The capacity of a data page is also limited. When a data page cannot fit, it will produce a page split, resulting in two pages pointing at each other, while maintaining the size order of page ids. The page ID on the left cannot be greater than the page ID on the right. It also generates an index page that points to its child data pages and records the minimum ID of their page.

As more and more data is inserted our index page will point to more data pages and record more and more of the minimum information of those data pages, but our index page storage size is also limited and what happens when we run out of index pages?

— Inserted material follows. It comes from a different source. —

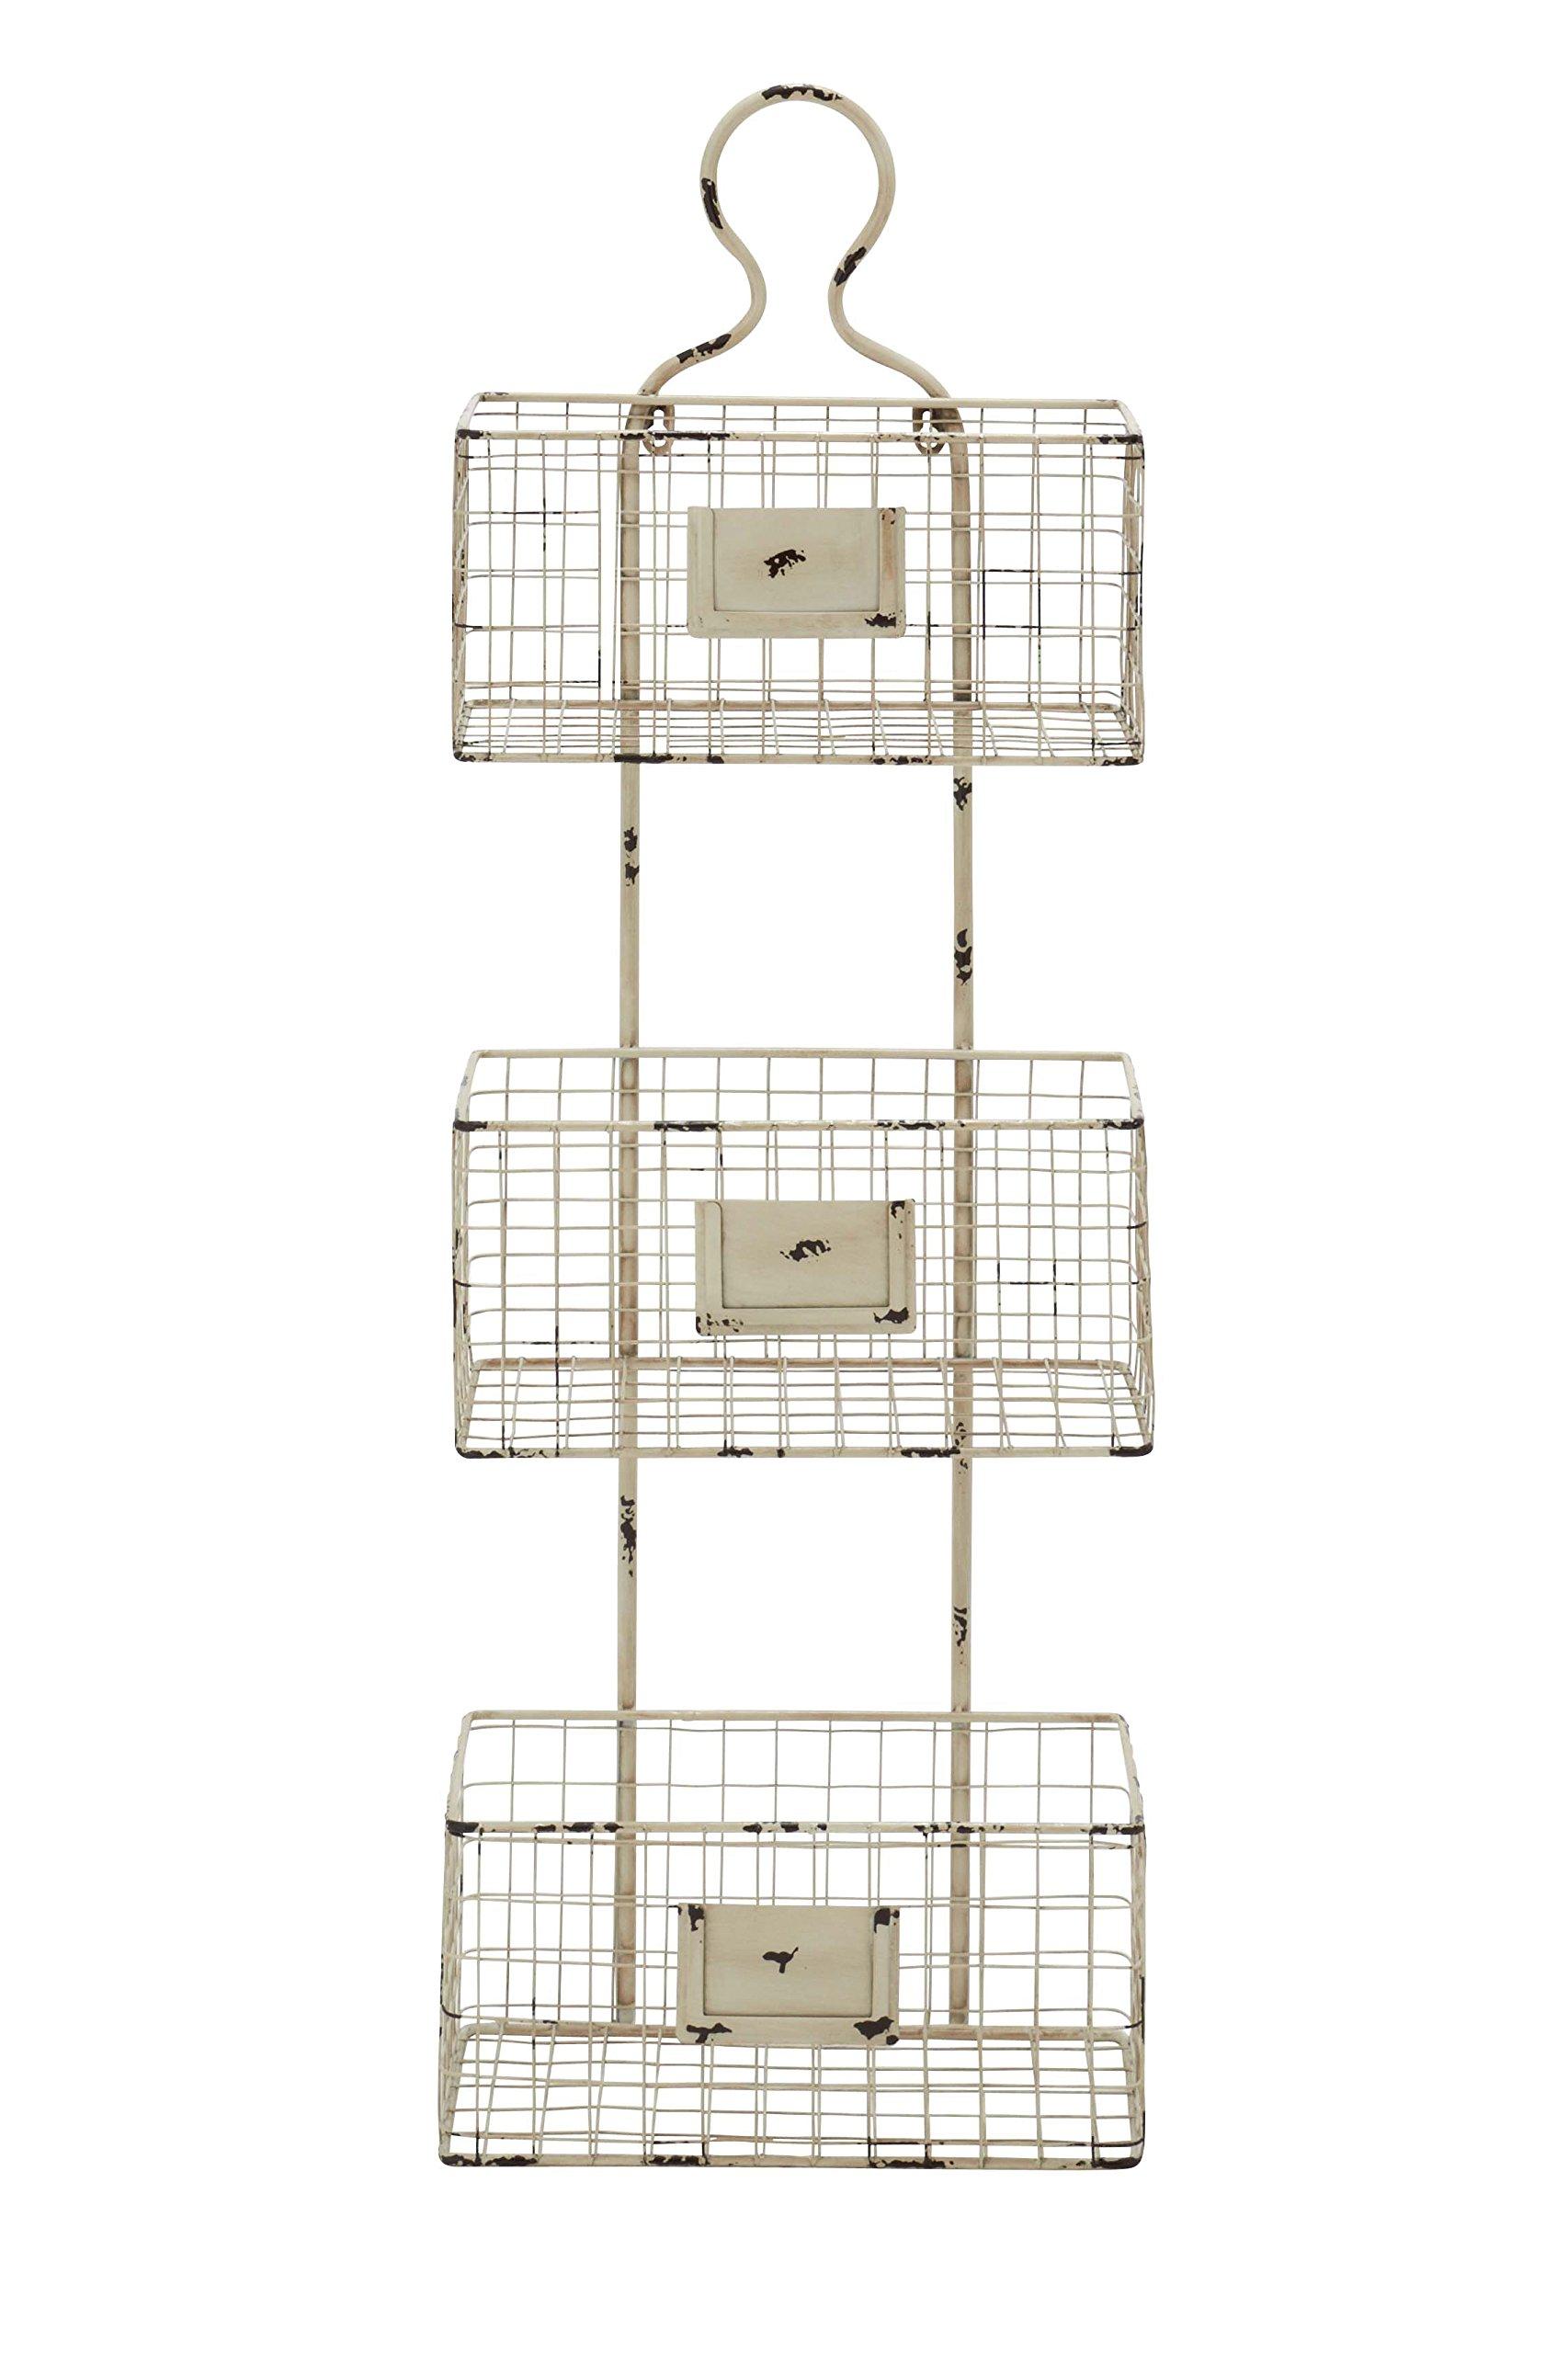 Deco 79 Metal Basket Shelf, 13 by 37-Inch by Deco 79 (Image #1)

Are you right? We generate a new index page, and the index page and its parent point to our child index page and record the minimum ID of each index page. If you look at the case of finding a girl with a certain height, it seems to be the same way that we speed up our search by adding indexes layer by layer, as if the idea is similar.

Secondary indexes

All we’ve talked about above is creating a primary key index. Sometimes we will create a secondary index tree and index the non-primary key fields of the table. Like a name? Age? Height? When inserting this data, we not only maintain a primary key index tree like the one above, but also maintain a B+ tree based on our secondary index fields. For example, if we sort by name, the a will come first. Each index page stores the minimum name value for its children.

Finally, the primary key corresponding to this name is stored in the data page. So we finally find the primary key ID in the secondary index tree, we need to take the primary key ID to search the primary index to find the last field value. This process is also called “back table”.